The idea: To walk through India is to walk along edges. This is fascinating, vertiginous and tragic. This book is an account of the walk.
Social, political, geographical and ontological edges do similar things to the people who live on them and near them. Edges define the shapes of continents, societies and individuals. Trace the edges, and you’ve mapped the place or the person. But this is almost never done. Writers and politicians try to get to the centre of things – to the cores of cities, issues and personalities. Yet these centers are uniquely unrevealing. They say nothing about the relationship with the wider world of the entity that is being examined, and there is a law of centripetal greyness that makes all centres of everything similar to each other. But edges, quite apart from anything else, are a lot more interesting than actual or metaphorical Government buildings. 
‘You need to get out to the edges to see shapes, perspective, relationships and the real colours of things’ – says Charles. It is often at the edge of our vision, and in the dusk at the edge of the day, that we see the strange but most characteristically native creatures. It is at the edges, too, where we encounter the Other: sometimes that results in new syntheses, sometimes in violence, and sometimes in sclerosis. Rarely does it make us less ourselves. 

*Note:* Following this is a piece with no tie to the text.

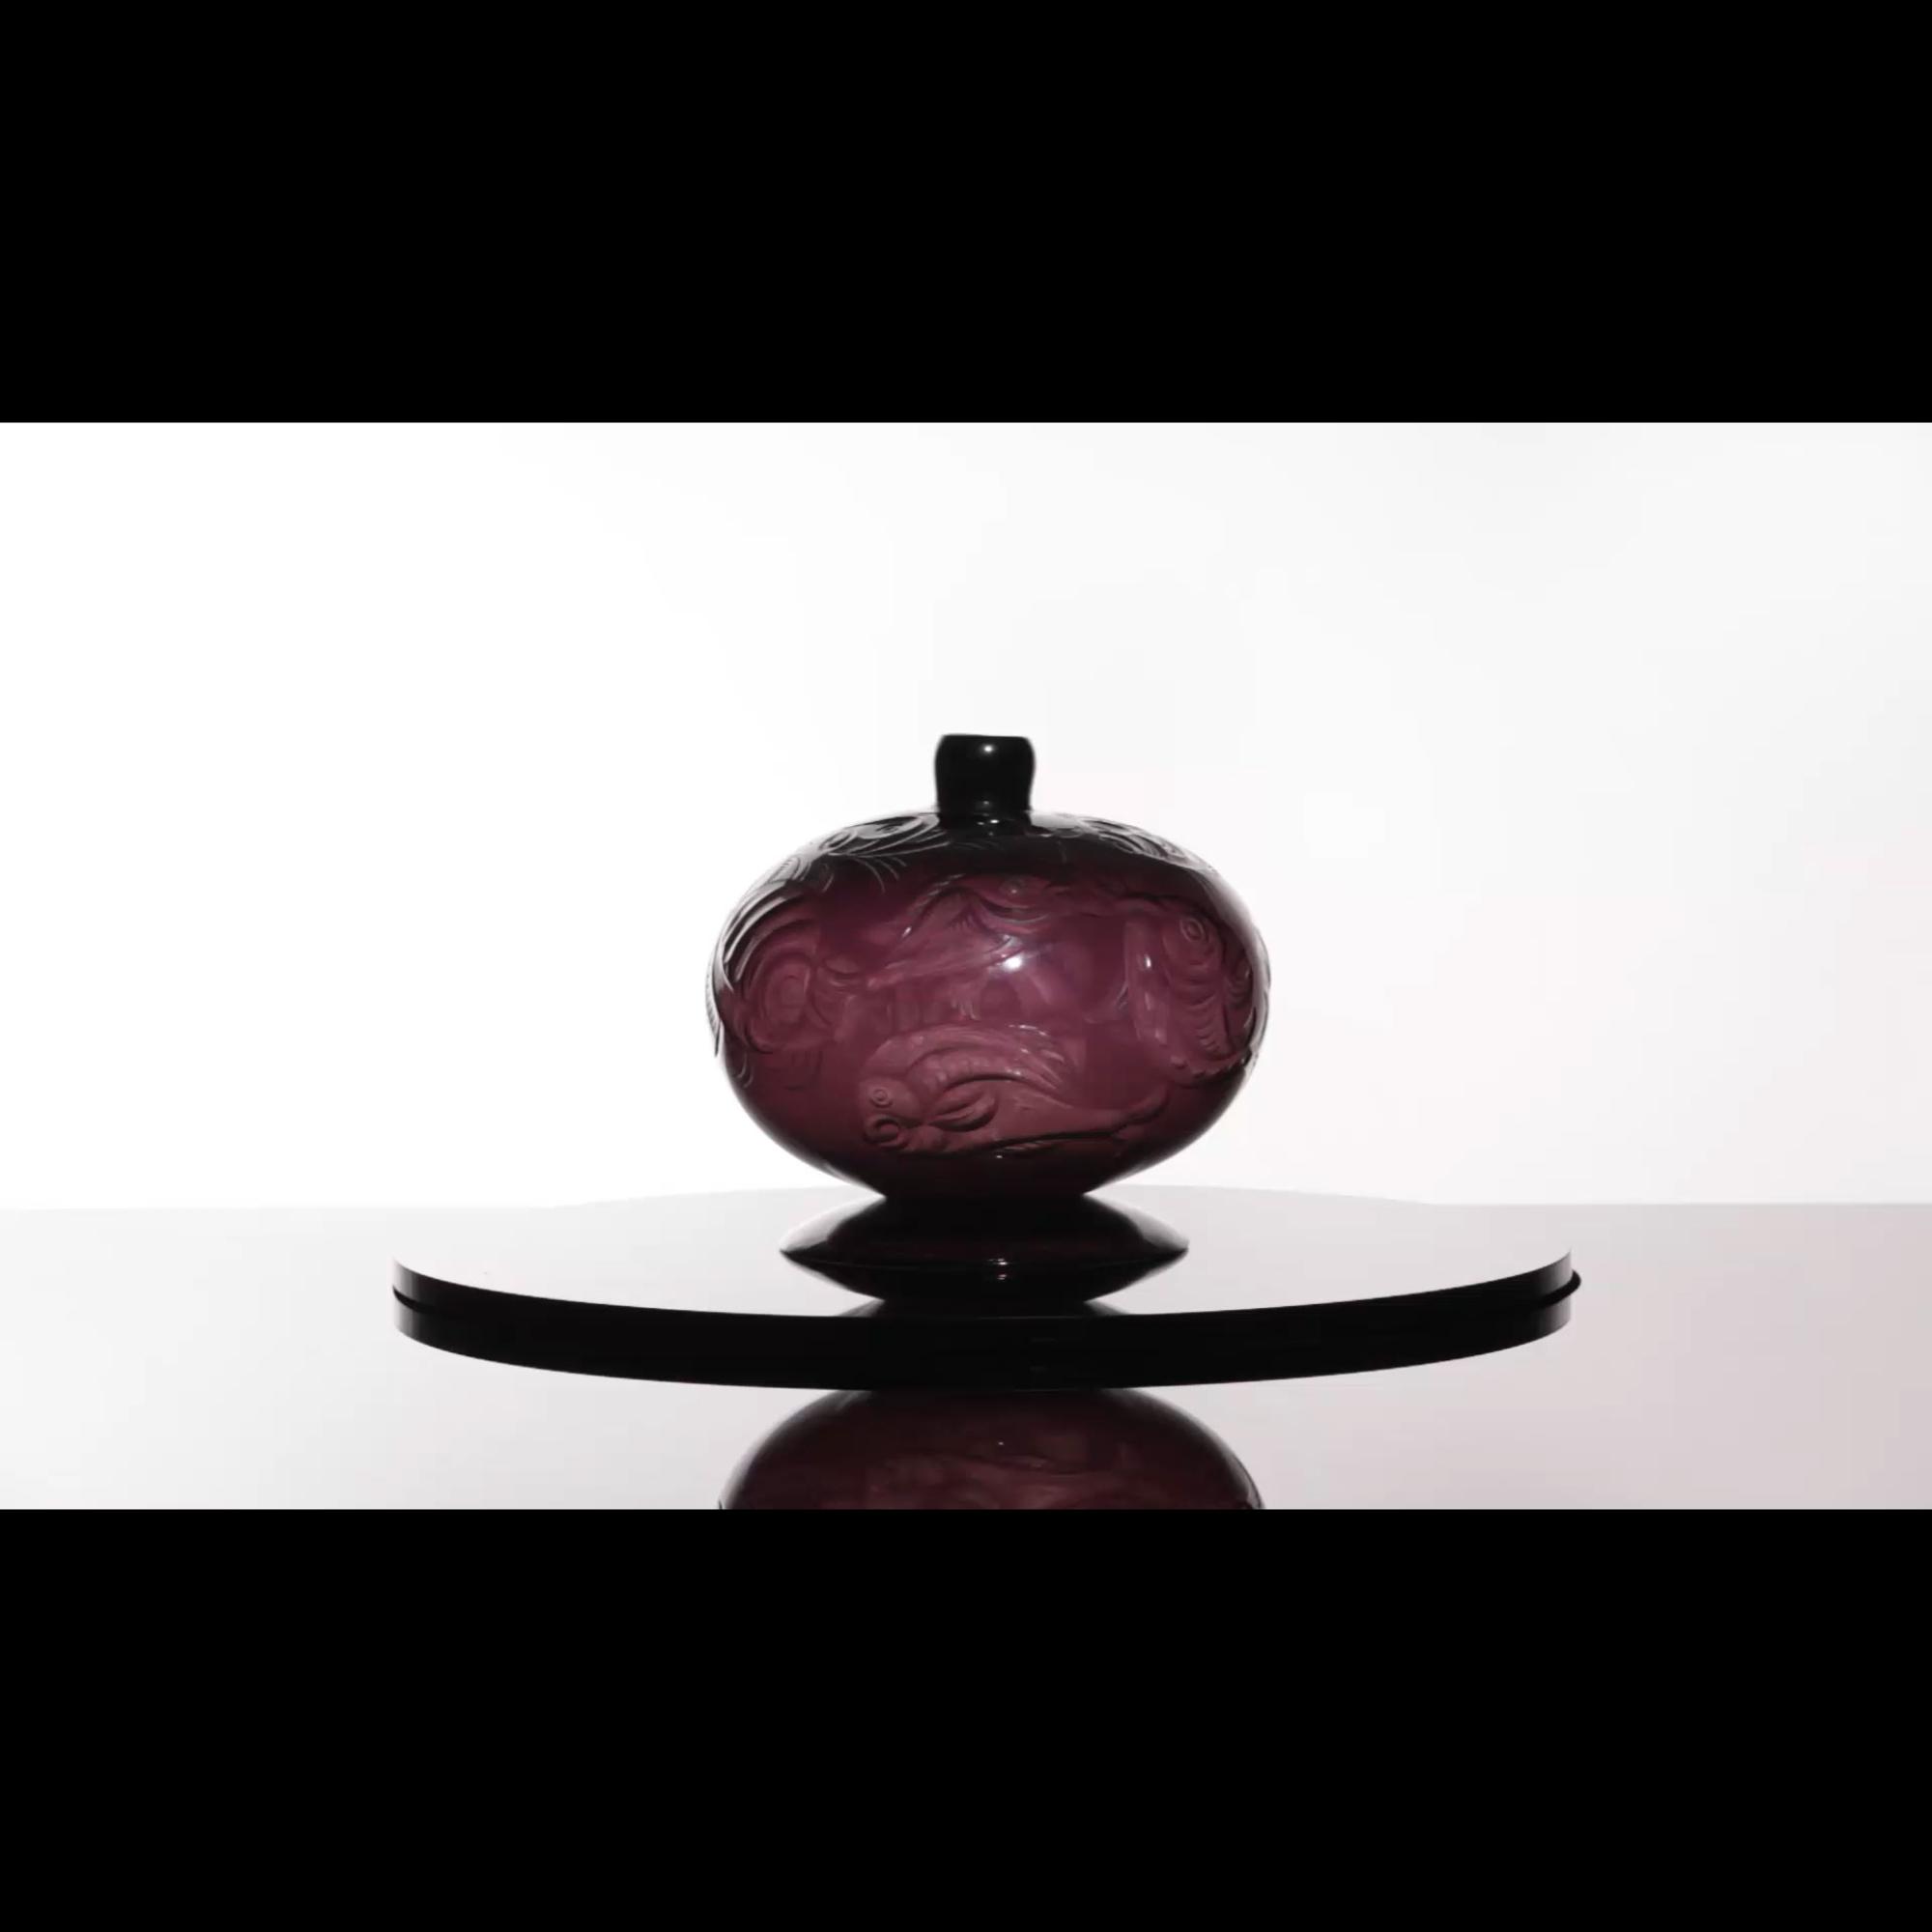 43: Vittorio Zecchin and Franz Pelzel / Unique Pesci vase (1 of 5)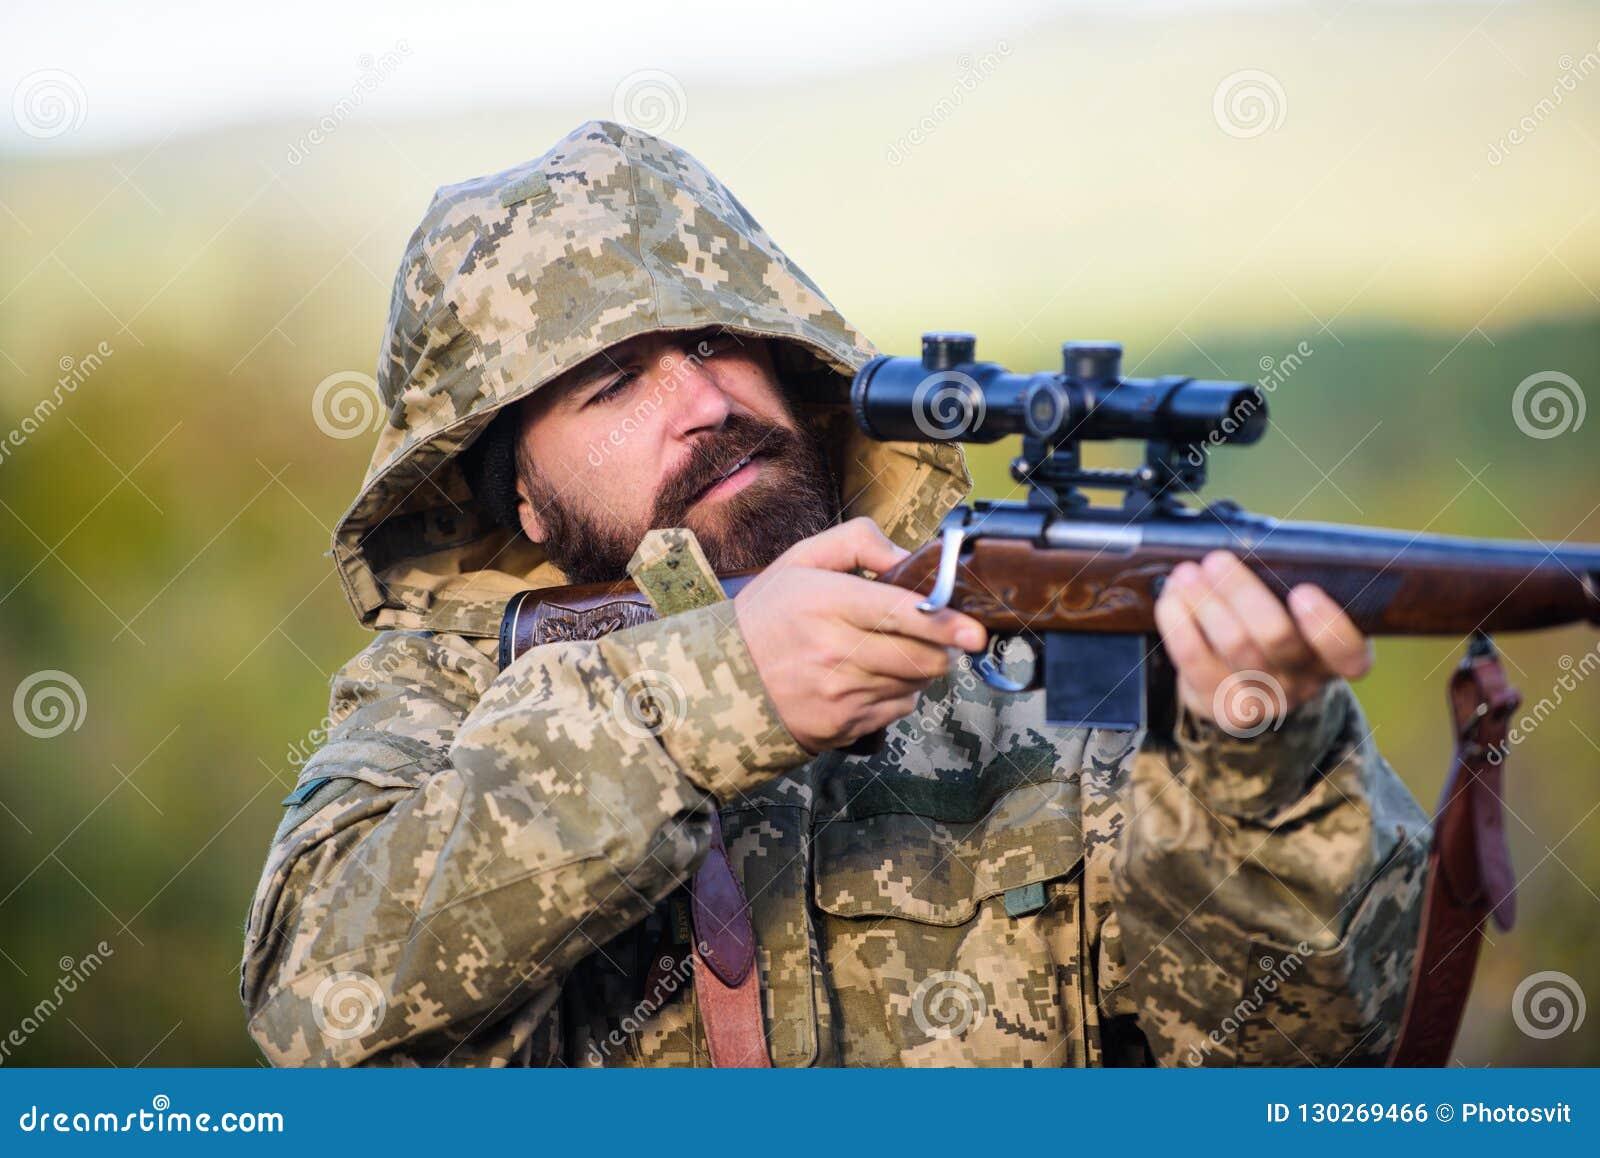 Kerljagd-Naturumwelt Bärtiger Jägergewehr-Naturhintergrund Erfahrung und Praxis leiht die Erfolgsjagd

In this book Charles Foster explores India’s edges, hoping to see what has been missed by the hysterical concentration on the central. ‘I am a foreigner’ says Charles. That is an advantage. Whenever I’m in India I’m dangling scarily over the edge separating the usual and the unusual. Living like that attunes your ear to the language shared by all the edge people. There are obvious dangers in my foreignness’... but these are dangers that, I hope, I’ve seen and sidestepped in my previous writing about India. I plead not guilty to literary colonialism, voyeurism and a romantic love of misery. The book is a collection of conversations, not a treatise.’